Covariant density functional theory input for r-process simulations in actinides and superheavy nuclei: the ground state and fission properties

TL;DR

This study uses covariant density functional theory to systematically analyze ground state and fission properties of actinides and superheavy nuclei, providing essential data for r-process nucleosynthesis modeling and assessing theoretical uncertainties.

Contribution

First comprehensive application of covariant density functional theory to actinides and superheavy nuclei for r-process input, including uncertainty quantification across multiple models.

Findings

Identified key nuclear shell closures at Z=120, N=184, N=258.

Quantified uncertainties in fission barriers and ground state properties.
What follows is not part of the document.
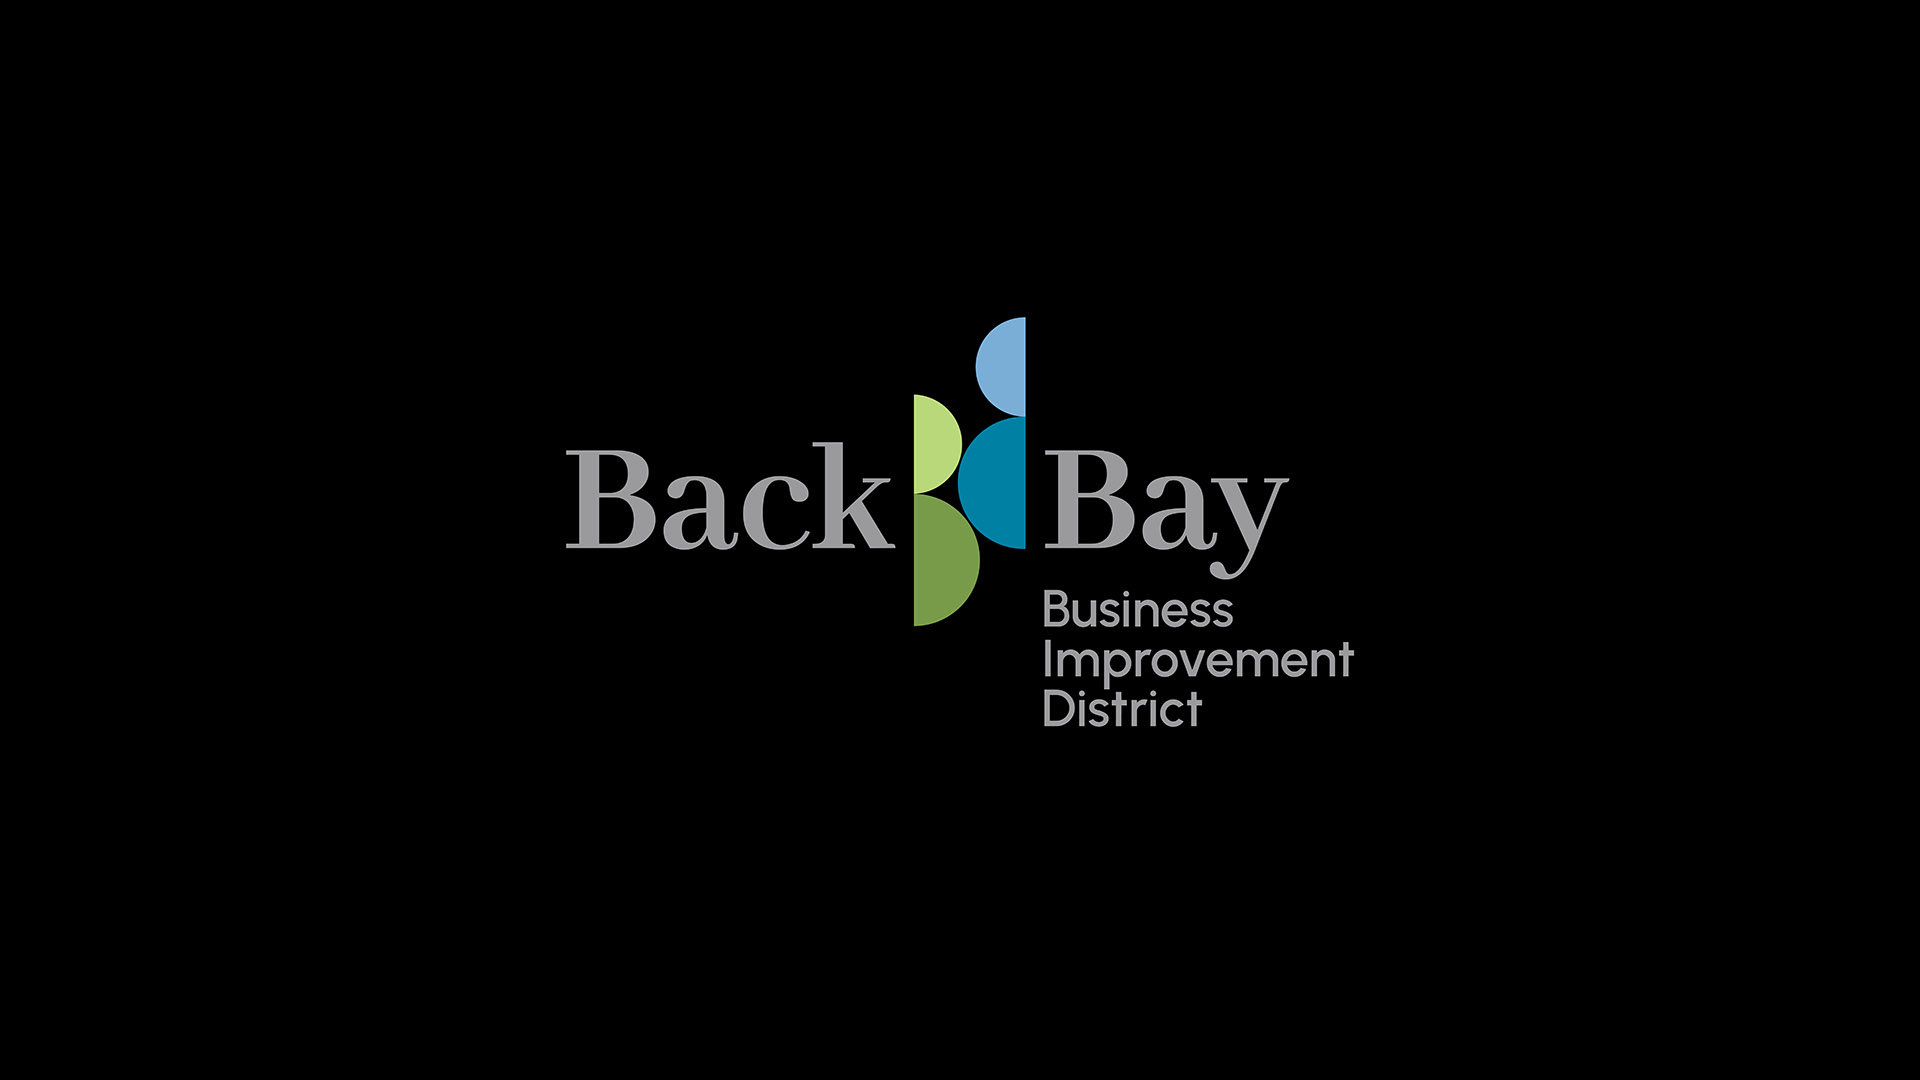 back bay business improvement district logo on black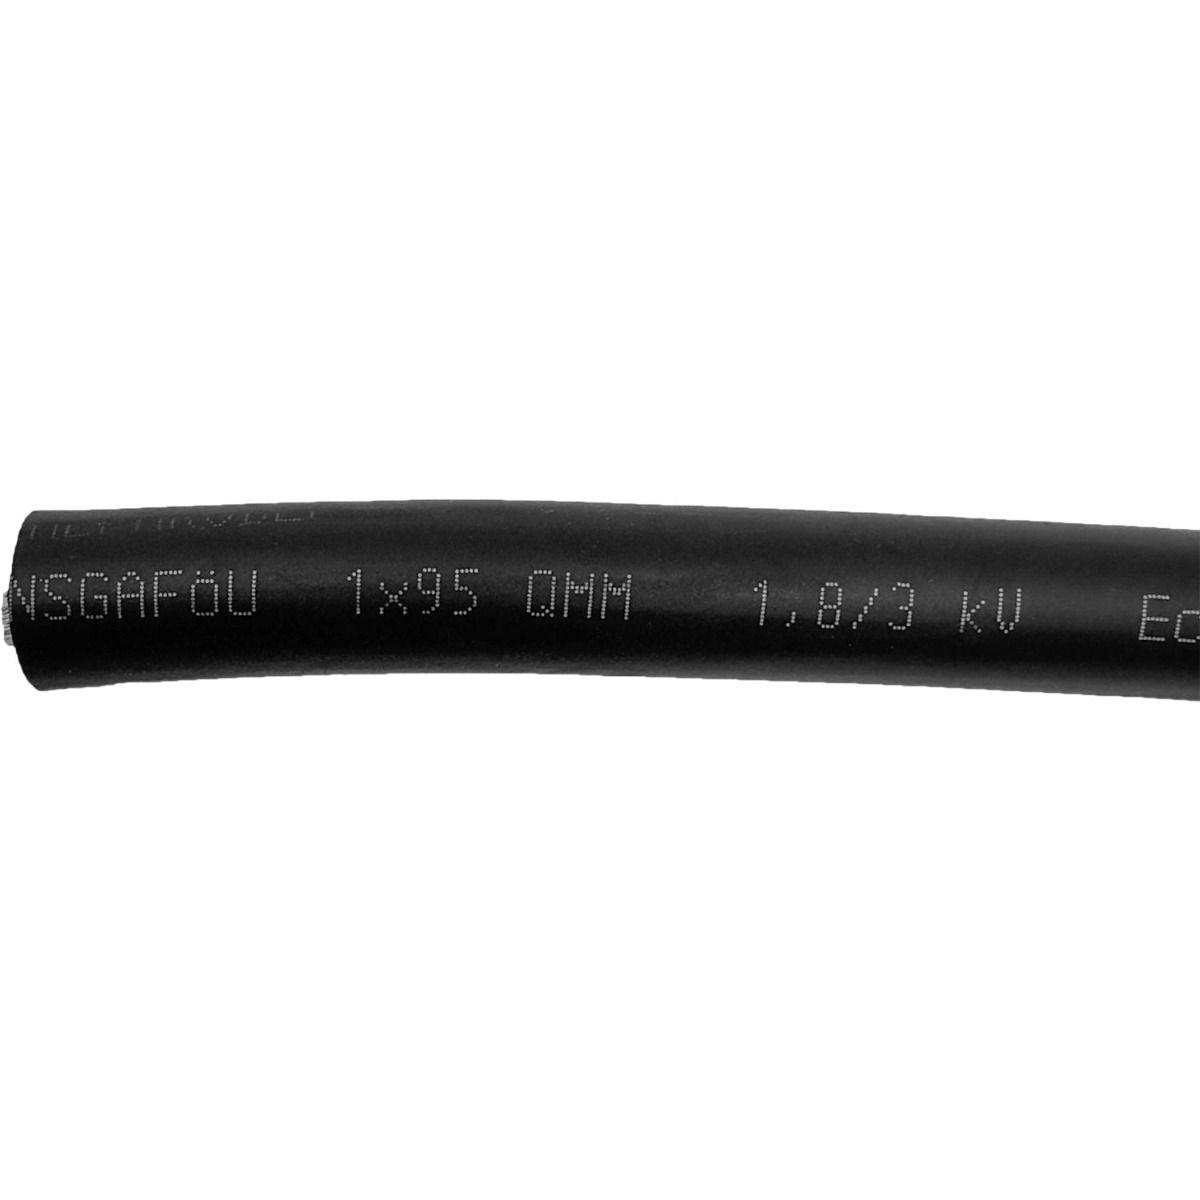 95mm² Helukabel Nsgaföu 1.8/3kV Black. Pair of Battery Cables. 0.5 to 5 Meters. Crimped - VoltaconSolar

Analyzed the impact of single-particle states and nuclear matter properties on uncertainties.

Abstract

The systematic investigation of the ground state and fission properties of even-even actinides and superheavy nuclei with $Z=90-120$ from the two-proton up to two-neutron drip lines with proper assessment of systematic theoretical uncertainties has been performed for the first time in the framework of covariant density functional theory (CDFT). These results provide a necessary theoretical input for the r-process modeling in heavy nuclei and, in particular, for the study of fission recycling. Four state-of-the-art globally tested covariant energy density functionals (CEDFs), namely, DD-PC1, DD-ME2, NL3* and PC-PK1, representing the major classes of the CDFT models are employed in the present study. Ground state deformations, binding energies, two neutron separation energies, $\alpha$-decay $Q_{\alpha}$ values and half-lives and the heights of fission barriers have been calculated for all these nuclei. Theoretical uncertainties in these physical observables and their evolution as a function of proton and neutron numbers have been quantified and their major sources have been identified. Spherical shell closures at $Z=120$, $N=184$ and $N=258$ and the structure of the single-particle (especially, high-$j$) states in their vicinities as well as nuclear matter properties of employed CEDFs are two major factors contributing into theoretical uncertainties. However, different physical observables are affected in a different way by these two factors. For example, theoretical uncertainties in calculated ground state deformations are affected mostly by former factor, while theoretical uncertainties in fission barriers depend on both of these factors.